Stress - Strain of steel and concrete

[aahashib]

Hi All.. Hope you all doing great..

I am in trouble of getting stress-strain data of a pushover analysis of a simple RC portal frame consisted of two columns and one beam. I have compared the pushover data with the measured experimental data. It almost matches. However, I am not getting stress-strain data of the beam and columns for both steel and concrete. I modeled one 2D frame before. I didn't get stress - strain data then too. So I need to change to this 3D model. But still now I am unable to get stress - strain data. Can anybody please help me getting the stress- strain data of the beam and columns? I am giving the build model file below for your kind observation. Thank you.

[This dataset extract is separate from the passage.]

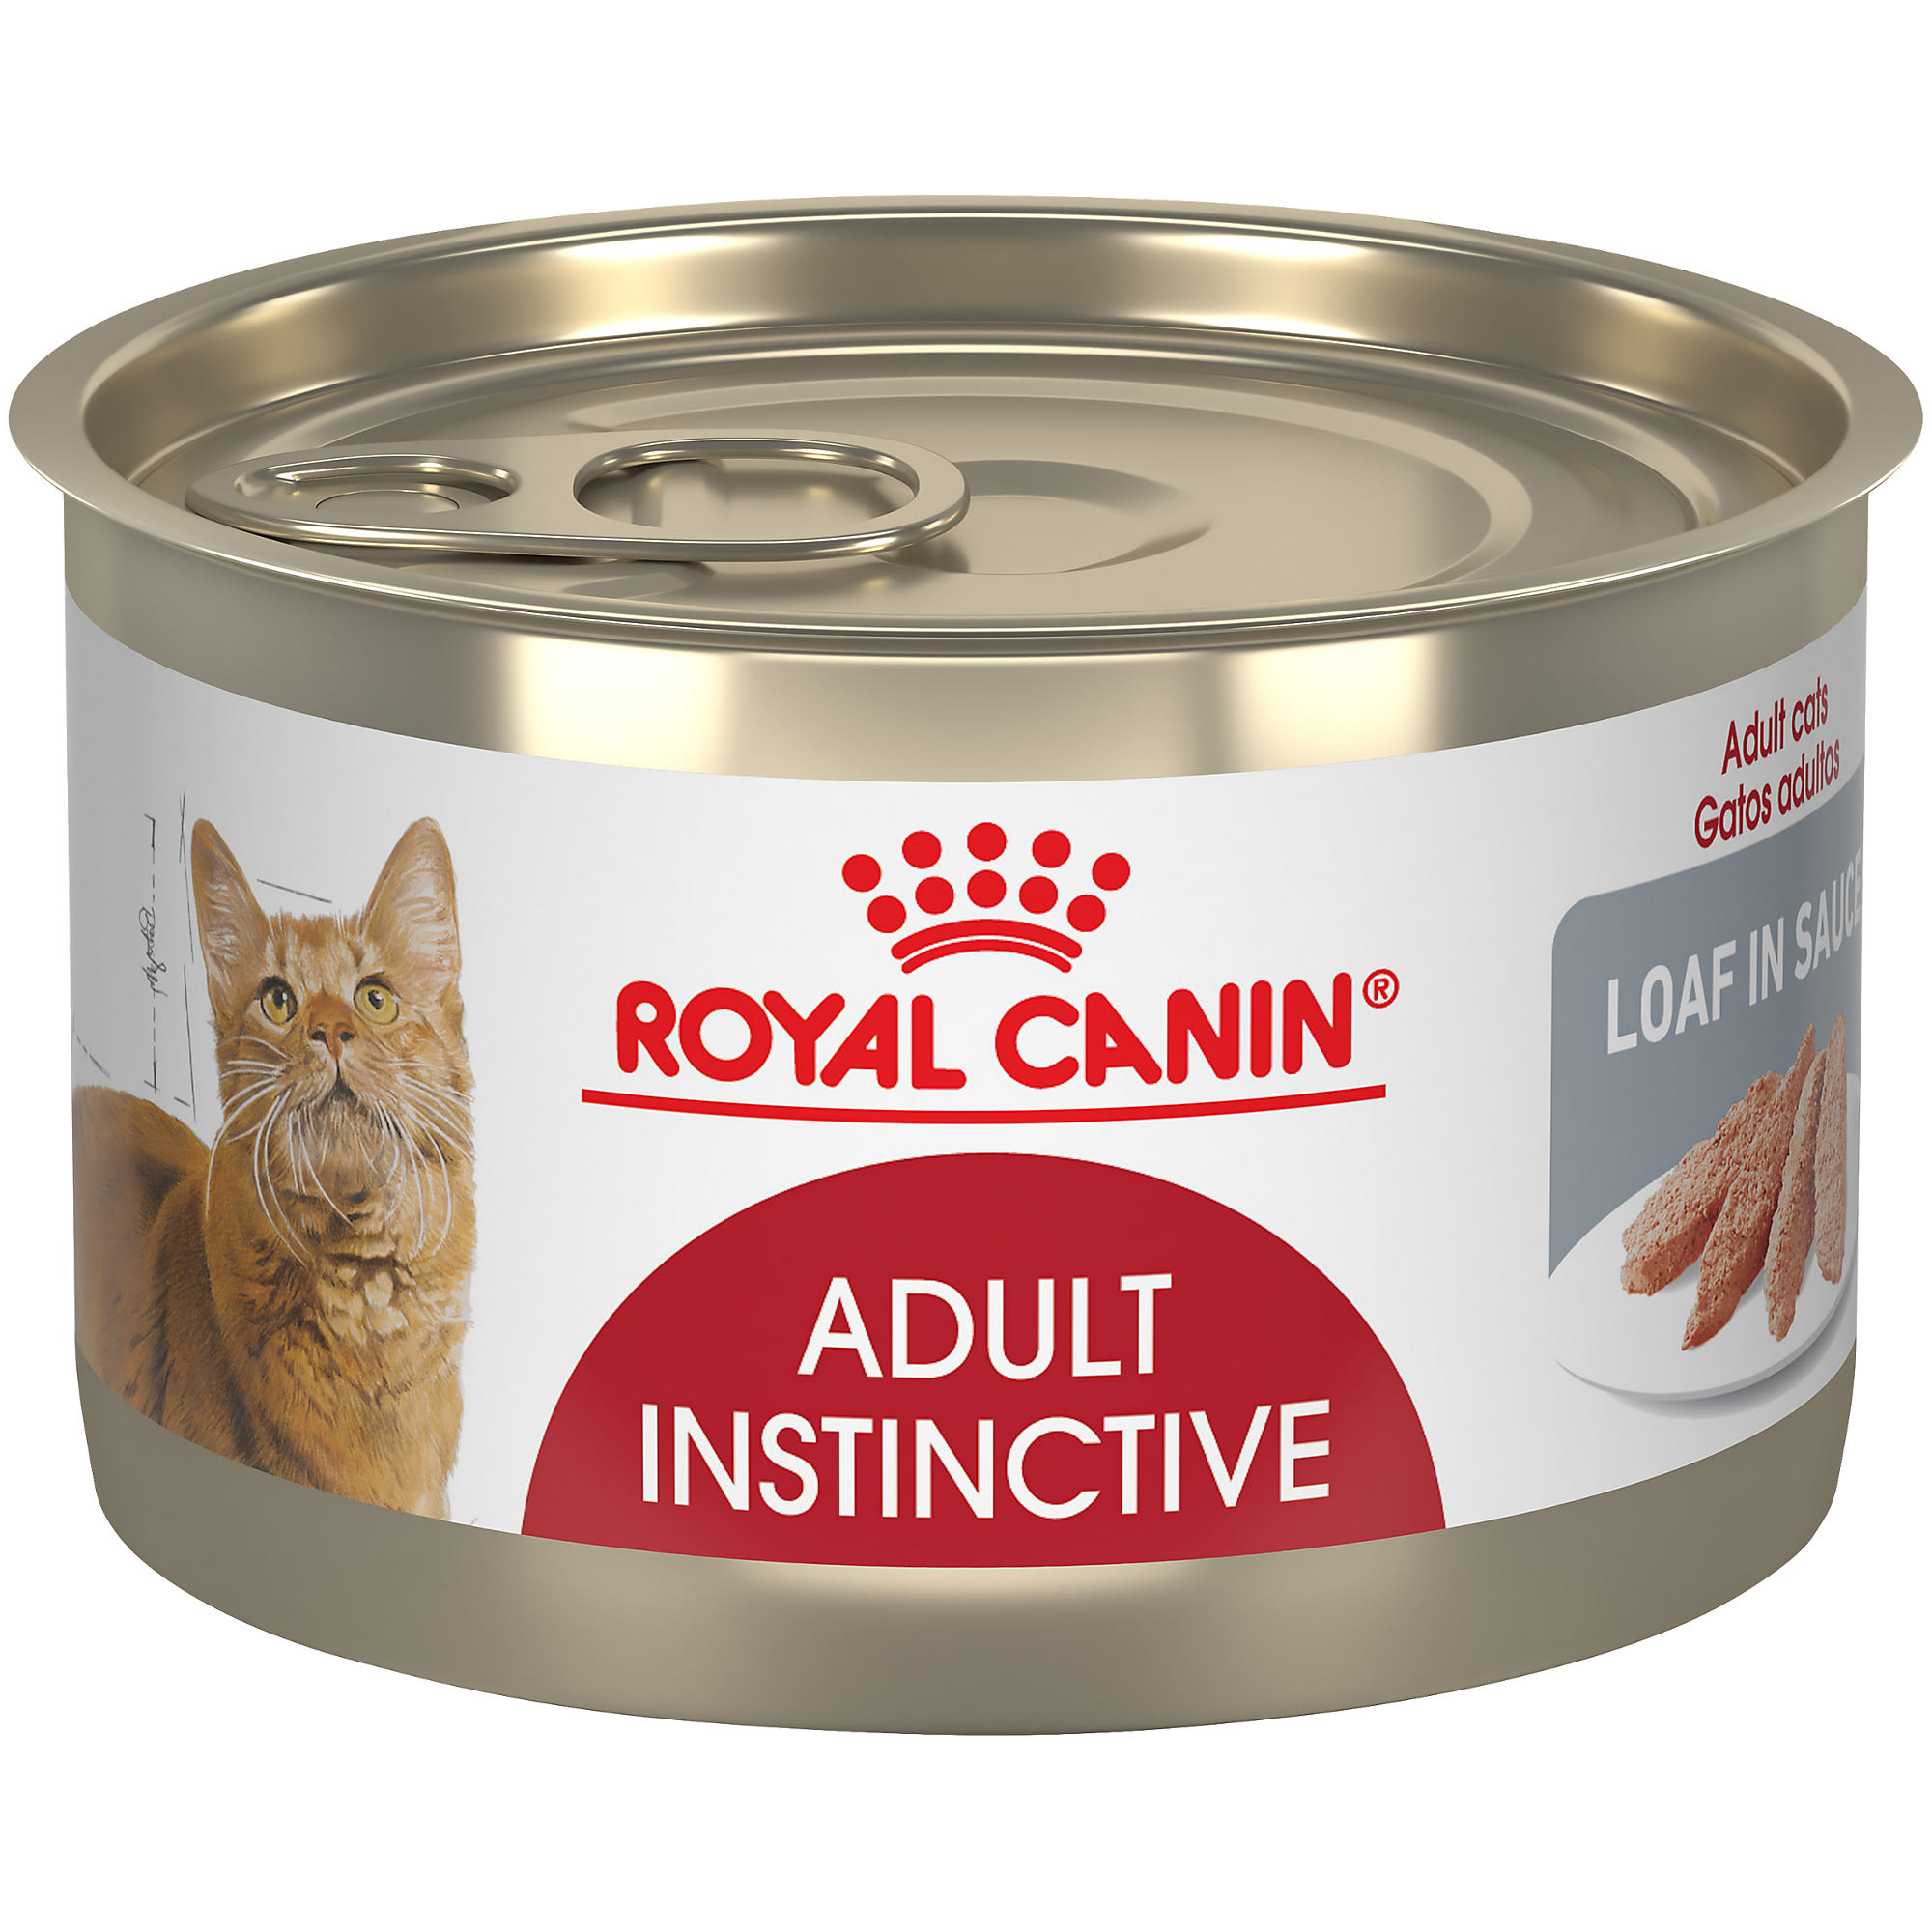 Royal Canin Adult Instinctive Loaf in Sauce Wet Cat Food, 5.1 oz. Petco

# --------------------------------------------------------------------------------------------------
# Frame -- Build Model
# nonlinearBeamColumn element, inelastic fiber section
# Abdullah Al Hashib, 2016
# ^Y
# |
# 3_________(3)____________4 __
# | | |
# | | |
# | | |
# (1) (2) LCol
# | | |
# | | |
# | | |
# =1= =2= _|_ -------->X
# |----------LBeam---------|
#

# SET UP ----------------------------------------------------------------------------
wipe; # clear memory of all past model definitions
model BasicBuilder -ndm 3 -ndf 6; # Define the model builder, ndm=#dimension, ndf=#dofs
set dataDir Data; # set up name of data directory
file mkdir $dataDir; # create data directory
set GMdir "GMfiles"; # ground-motion file directory
source LibUnits.tcl; # define basic and system units
source BuildRCrectSection.tcl; # procedure for definining RC fiber section

# define GEOMETRY -------------------------------------------------------------
set LCol [expr 118.11*$in]; # column length
set LBeam [expr 177.17*$in]; # beam length
set Weight [expr 25.32*$kip]; # superstructure weight, Calculated from the dead load of all beams (12.515 kips) and columns (8.58 kips) top of the frame, Total=21.1*1.2=25.32 kips

# define section geometry
set HCol [expr 11.811*$in]; # Column Depth
set BCol [expr 11.811*$in]; # Column Width
set HBeam [expr 9.84252*$in]; # Beam Depth
set BBeam [expr 27.5591*$in]; # Beam Width

# calculated parameters
set PCol [expr $Weight/2]; # nodal dead-load weight per column
set Mass [expr $PCol/$g]; # nodal mass
# calculated geometry parameters
set ACol [expr $BCol*$HCol]; # cross-sectional area
set ABeam [expr $BBeam*$HBeam]; # cross-sectional area
# nodal coordinates:
node 1 0. 0. 0.; # node#, X, Y, Z
node 2 $LBeam 0. 0.;
node 3 0. $LCol 0.;
node 4 $LBeam $LCol 0.;

# Single point constraints -- Boundary Conditions
fix 1 1 1 1 1 1 1; # node DX DY RZ
fix 2 1 1 1 1 1 1; # node DX DY RZ

# nodal masses:
mass 3 $Mass 0. 0. 0. 0. 0.; # node#, Mx My Mz, Mass=Weight/g, neglect rotational inertia at nodes
mass 4 $Mass 0. 0. 0. 0. 0.;

# Define ELEMENTS & SECTIONS -------------------------------------------------------------
set ColSecTag1 1; # assign a tag number to the column section
set ColSecTag2 2; # assign a tag number to the column section
set BeamSecTag1 3; # assign a tag number to the beam section
set BeamSecTag2 4; # assign a tag number to the beam section
set BeamSecTag3 5; # assign a tag number to the beam section

# define section geometry
set cover [expr 1.1811*$in]; # Column cover to reinforcing steel NA.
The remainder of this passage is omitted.